Кэтрин замерла, ее пальцы застыли над очередным полуистлевшим письмом. В глазах Доры не было ни удивления, ни осуждения – лишь всепонимающее сочувствие. Кэт лишь плотнее сжала губы, не отводя взгляда. Дора усмехнулась, но в этой усмешке не было и следа веселья. Она поднялась с пола, ее движения оставались плавными и уверенными, как у хищника, выслеживающего свою добычу. Приблизившись к Кэт почти вплотную, Нимфадора, словно вернувшись в детство, взяла ее руки в свои ладони и положила себе на колени.
– Ты ищешь Сириуса Блэка, – произнесла она прямо, и в ее голосе прозвучала теплая нотка сочувствия. – Я знаю. Я видела, как ты смотрела на его портрет в «Пророке». И я знаю, что вы уже встречались.
– Ты… – прошептала Кэтрин, чувствуя, как предательский румянец заливает ее щеки.
– Это получается… – повторила Дора, ее взгляд стал пронзительным, изучающим. – Твою ж пушишку, Кэтрин!
– Дора…
– Кэтрин Кейм!!! – гневный возглас Тонкс утонул под ладонью Кэтрин, плотно зажавшей ей рот.
Кэтрин отдернула руку, чувствуя, как ее щеки пылают еще сильнее. Дурное предчувствие сдавило горло, не давая свободно вздохнуть. Она лихорадочно пыталась подобрать слова, но Дора уже все знала. И, судя по ее взгляду, недовольство сквозило в каждой черточке ее лица.

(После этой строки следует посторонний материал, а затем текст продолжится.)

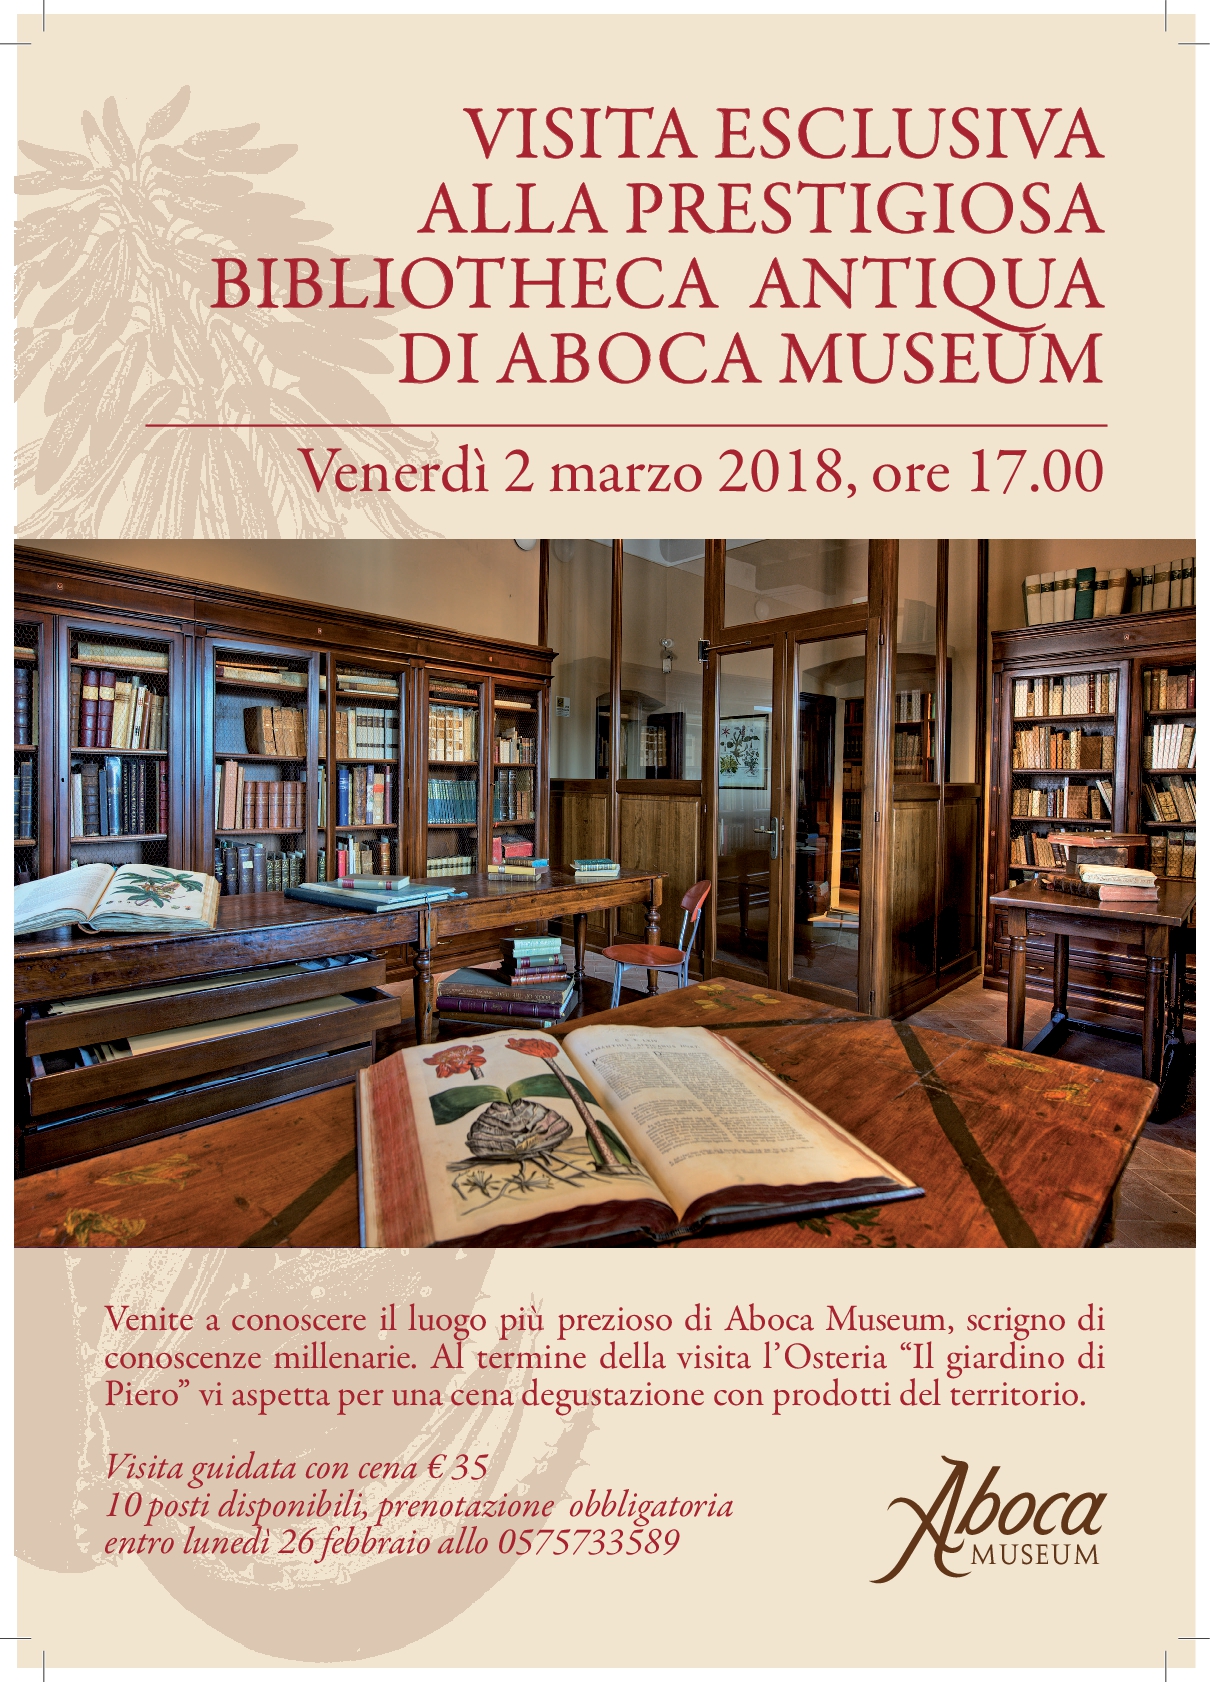 Visita Bibliotheca Antiqua

– Не смей! – прошипела Кэтрин сквозь зубы, оглядываясь по сторонам, словно боясь, что кто-то услышит их разговор в этом пыльном, забытом богом месте. – Никому не говори, Тонкс! Пожалуйста!
Дора освободилась от ее хватки, отступила на шаг и скрестила руки на груди. Ее розовые волосы вдруг стали грязно-серыми, словно отражая ее мрачное настроение.
– Ты из-за этого бросила работу в Министерстве магии? Боги водяные, я думала, ты все еще умираешь от тоски по Вану! Это ты помогла ему сбежать из-под носа Фаджа неделю назад?
Кэтрин отпустила ладонь, чувствуя, как сердце бешено колотится в груди. Она оглянулась на дверь, словно ожидая, что за ней вот-вот появится Андромеда и Тедд. Тишина на чердаке была оглушительной, лишь солнечные лучи продолжали свой безмолвный танец, игнорируя бурю, разыгравшуюся между двумя подругами.
– Зачем? – Дора смотрела на Кэтрин с нескрываемым любопытством, смешанным с тревогой. – Зачем тебе Сириус? Он же… он же преступник.
Кэтрин глубоко вздохнула, чувствуя необходимость объяснить свои мотивы. Она не могла просто отмахнуться от Доры, как от назойливой мухи. Слишком многим они были связаны. Слишком многим рисковала, открывшись ей. Но в глазах Тонкс она видела не осуждение, а скорее… опасение. Опасение за нее, Кэтрин.
– Потому что он невиновен, Тонкс, – тихо, но твердо произнесла Кэтрин, ее голос дрожал от сдерживаемых эмоций. – Он не убивал тех людей.